There's a discussion over at TheForce.net asking what the sales were for Star Wars comics across time; it led into a discussion of Statements of Ownership, whcich I know a little about. Covering here what I said there:
The Statement of Ownership, found in U.S. Code as Section 4369, Title 39, has been required of publishers who ship Second Class since the 19th Century. But it was only in 1960 that it became the Statement of Ownership and Circulation, as that was the year that publishers were first required to list their average paid circulation for the year. That is sold copies, distinct from print runs; while the Postal Service did require publishers then to publish their print runs as well, some, like Dell, didn't bother until a couple of years later. The USPS also required publishers to say how many copies were sold on average by subscription, which was the whole point of adding circulation to Section 4369. Since the USPS was cutting publishers a special rate by letting them ship Second Class, they wanted them to prove that their publications were actually requested, and not junk mail.
In later years, the USPS would require many other statistics, including what the sales were for the most recent issue of the year in addition to the average issue. Today, Second Class is known as Periodical Class, and among major comics publishers only Marvel and Archie continue to use it; DC stopped in 1988. Wizard and most print magazine publishers continue to use it. I have filled out many of the forms myself in my magazine career.
Historians using Statements of Ownership can compute things like the number of copies returned from dealers -- essentially, unsold copies which were destroyed -- and the percentage of the print run that was sold in any given year. The Statements are inspecific -- they give an average of a year rather than data for all the specific issues -- but it is some of the only hard information available for the 1960s and 1970s. Data from the 2,500 or so Statements of Ownership I have found appear in my aforementioned book, the Standard Catalog of Comic Books.
The reliability of the Statements in the 1970s and onward is generally pretty good, given the comparisons I've been able to make with archival info from the publishers themselves. Looking at them across an entire year or range of years for a publisher, it's pretty easy to see when a figure is outside what we'd expect. There are more simple math errors than there are attempts at distortion, I find. Again, nobody was looking at these things. Statements of Ownership were generally not used by publishers for advertising purposes -- they were simply an obscure postal obligation, and far more of interest to the fans who actually saw and read them. Advertising rates for Atlas/Marvel and National/DC were more likely to have been based on the reports of the Audit Bureau of Circulation, to which both belonged. (That's where the REAL data is -- locked up in the microfiche of the ABC's Chicago offices. I've sent a correspondent down there a few times to do some archaeology for my previous books.)
I cite all statistics from the Statements in my book, but in all the sales charts we only use the "average paid circulation" figure, and not the print run, which is higher.
Sadly, there is not Statement data for Star Wars before 1979; publishers did not usually have a second class license (or sell subscriptions) in the first two years of a title's run.

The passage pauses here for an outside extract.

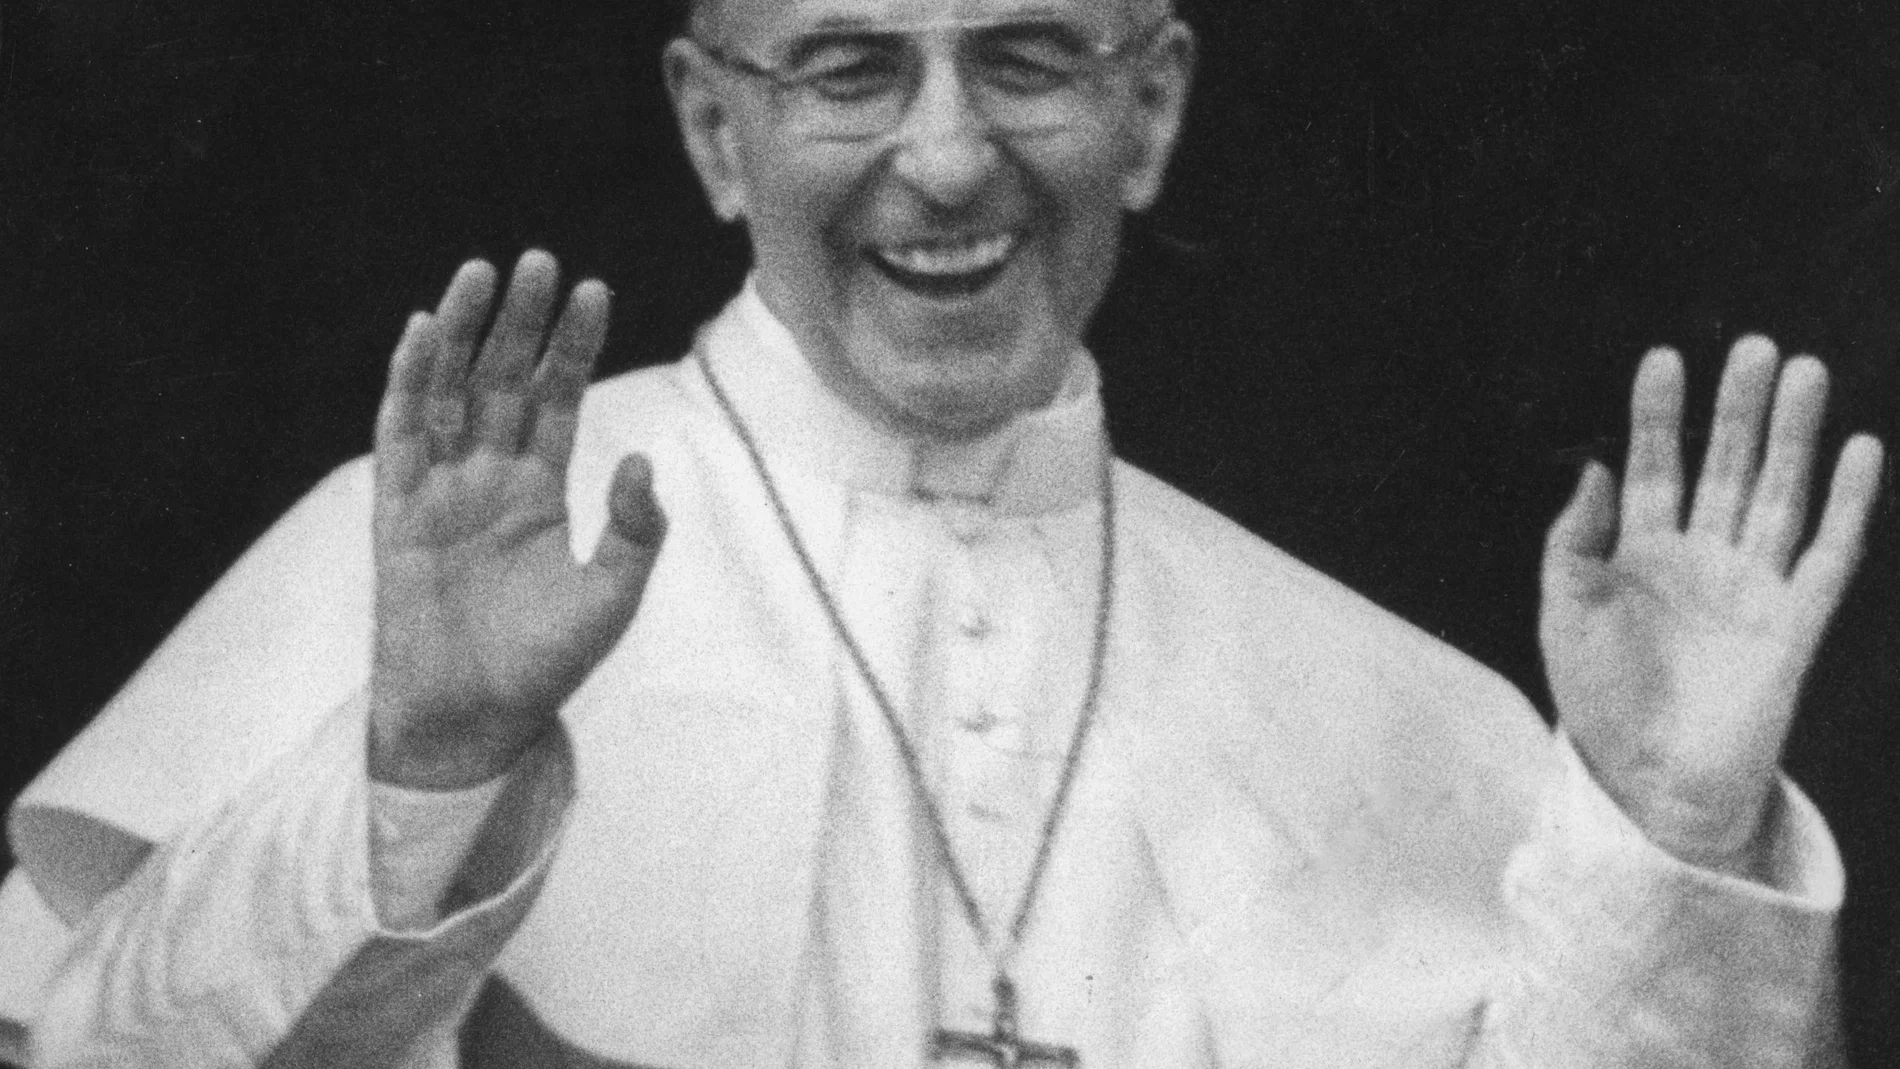 El Papa Juan Pablo I al día siguiente de ser elegido saludando desde el balcón central de la basílica de San Pedro (AP Photo) 27 de agosto de 1978.

I can say, however, that Star Wars #1-3 were the best selling comic books of the entire 1970s, period. There were two variant versions of the first printing of #1 and three for #2-3 -- and while they didn't add up to many copies -- perhaps 200,000 -- the two versions of Whitman bagged reprints that followed boosted the number of copies of those issues over 1 million each. They were the ONLY comics in the 1970s to top that mark. Star Wars would be the top selling title in the business for three more years -- and as former editor-in-chief Jim Shooter once said, Star Wars absolutely saved Marvel, which was close to being liquidated by its owners. Comics nearly died altogether in the mid-1970s, so you might say George Lucas helped save comics!
As for absolute copies in print of the same story, it's very difficult to say. I would imagine things like the movie adaptations by Dark Horse have appeared in many, many different printings and formats around the world and in many languages. If it is calculable, I'd sure like to know. I can add it to my trivia wall!